Enigma wrote: ↑11 Mar 2025, 09:21
I meant 240Hz VRR vs 240Hz No Sync At all (No VRR, No V-Sync, etc)
Do you mean
VRR on + V-SYNC option on vs.
VRR off + V-SYNC option off at x framerate within 240Hz refresh rate?
If so, this has already been tested:
https://blurbusters.com/gsync/gsync101- ... ettings/6/
That 14ms minimum in the "V-SYNC OFF + 238 FPS Limit" result
(aka your VRR off + V-SYNC option off scenario) above means there was a single sample that registered as 14ms, but it wasn't enough to change the average latency over the course of 40 samples.

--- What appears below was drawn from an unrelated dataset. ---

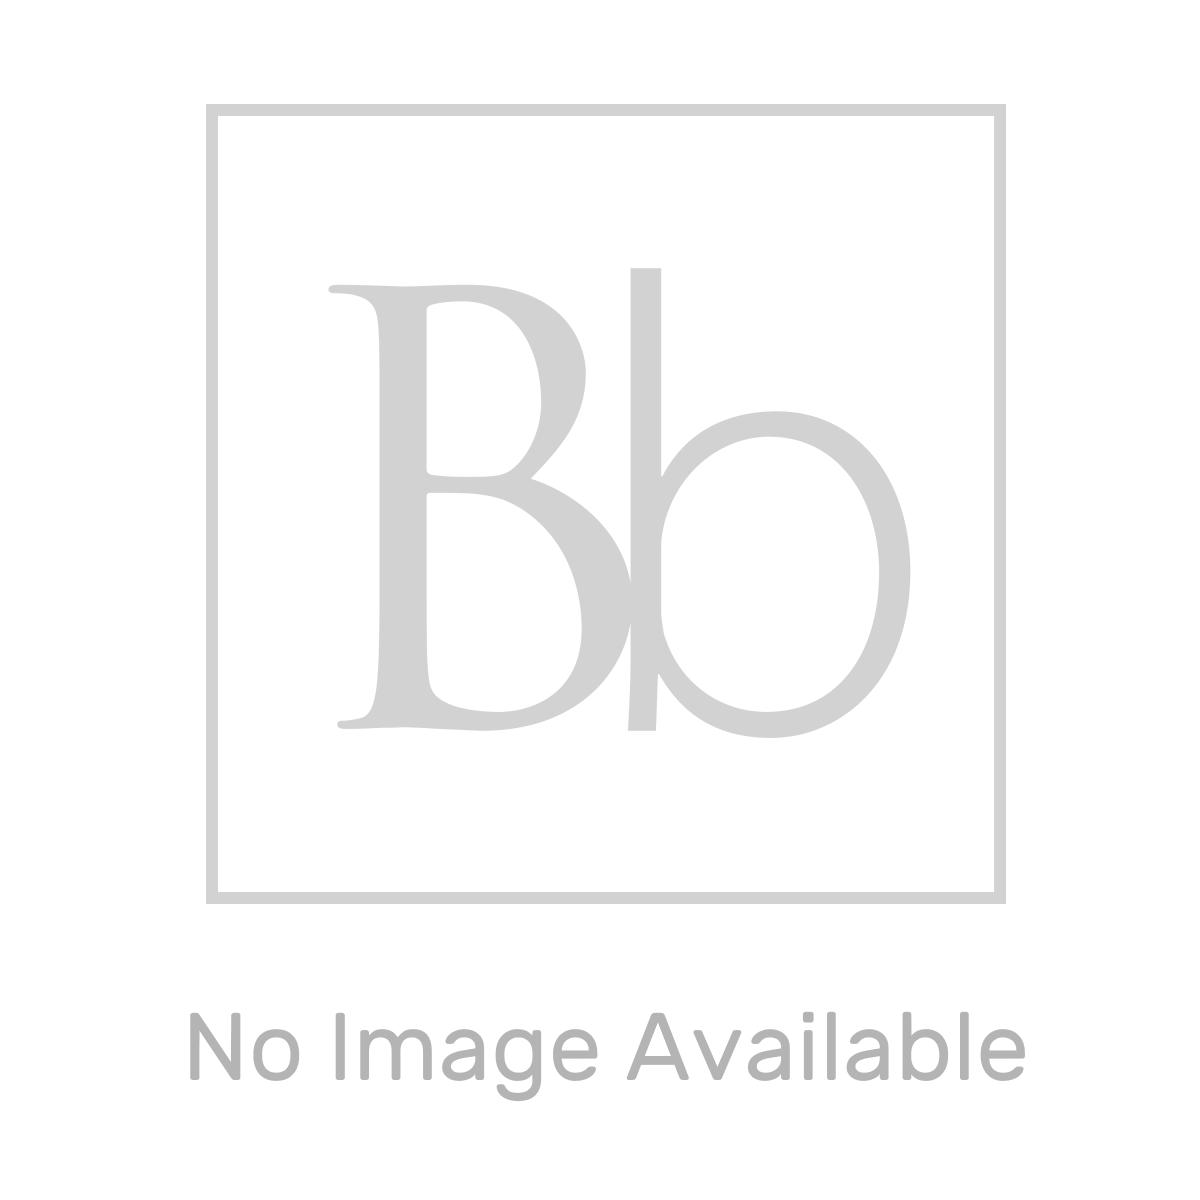 Aquadart Rectangular 900 x 700 Shower Tray

I.E. that extra 2ms reduction for that single sample was achieved by a tearline
(a portion of the previous and next frame scan appearing simultaneously in a single scanout).
In other words, any latency difference between your two scenarios is determined by whether tearing is present, nothing more.
Tearing in and of itself is a latency reducer, but of course the latency reduction is the tearlines themselves, which the average gamer tends to dislikes the look of, hence the use case for syncing methods, VRR included.
As I noted to you in the other thread, VRR has the lowest
tear-free latency possible. Any lower latency
requires tearing. No way around that.